Make sure to update your transformers installation via:  

```sh
pip install --upgrade transformers
```

```python
import torch
from transformers import pipeline

model_id = "prithivMLmods/Bellatrix-Tiny-3B-R1"
pipe = pipeline(
    "text-generation",
    model=model_id,
    torch_dtype=torch.bfloat16,
    device_map="auto",
)
messages = [
    {"role": "system", "content": "You are a pirate chatbot who always responds in pirate speak!"},
    {"role": "user", "content": "Who are you?"},
]
outputs = pipe(
    messages,
    max_new_tokens=256,
)
print(outputs[0]["generated_text"][-1])
```

**Note:** You can also find detailed recipes on how to use the model locally, with `torch.compile()`, assisted generations, quantization, and more at [`huggingface-llama-recipes`](https://github.com/huggingface/huggingface-llama-recipes).  

## **Intended Use**  

Bellatrix is designed for applications that require advanced reasoning and multilingual dialogue capabilities.
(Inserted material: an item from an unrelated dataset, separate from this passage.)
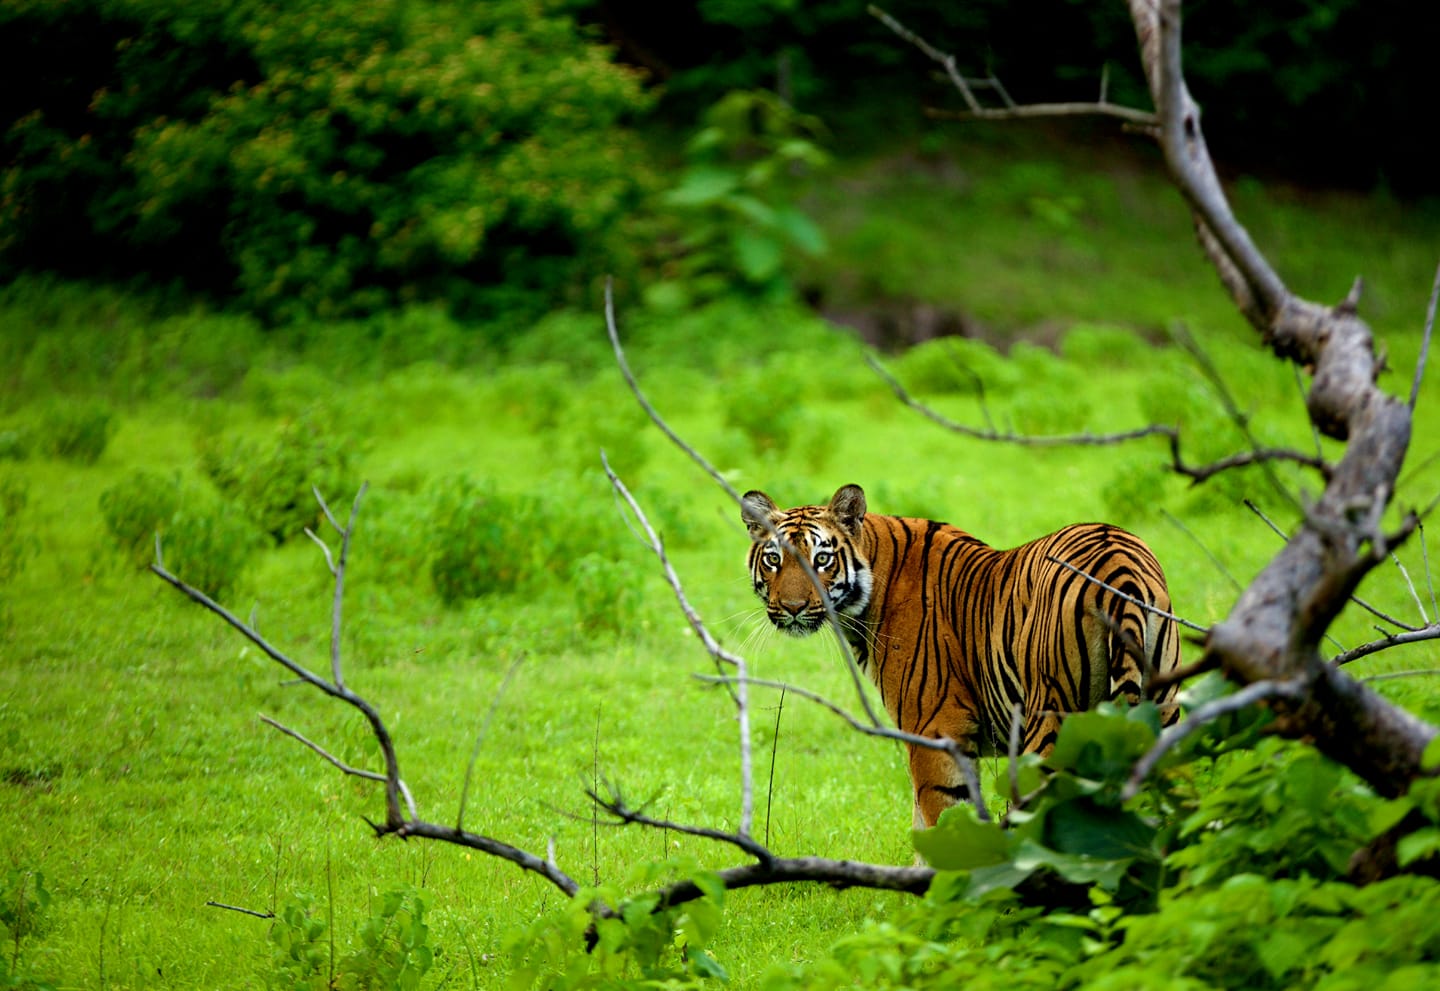 Monsoon Queen- Tigress at Tipeshwar Wild Life Sanctuary

It is particularly suitable for:  

- **Agentic Retrieval**: Enabling intelligent retrieval of relevant information in a dialogue or query-response system.  
- **Summarization Tasks**: Condensing large bodies of text into concise summaries for easier comprehension.  
- **Multilingual Use Cases**: Supporting conversations in multiple languages with high accuracy and coherence.  
- **Instruction-Based Applications**: Following complex, context-aware instructions to generate precise outputs in a variety of scenarios.  

## **Limitations**  

Despite its capabilities, Bellatrix has some limitations:  

1. **Domain Specificity**: While it performs well on general tasks, its performance may degrade with highly specialized or niche datasets.  
2. **Dependence on Training Data**: It is only as good as the quality and diversity of its training data, which may lead to biases or inaccuracies.  
3. **Computational Resources**: The model’s optimized transformer architecture can be resource-intensive, requiring significant computational power for fine-tuning and inference.  
4. **Language Coverage**: While multilingual, some languages or dialects may have limited support or lower performance compared to widely used ones.  
5. **Real-World Contexts**: It may struggle with understanding nuanced or ambiguous real-world scenarios not covered during training.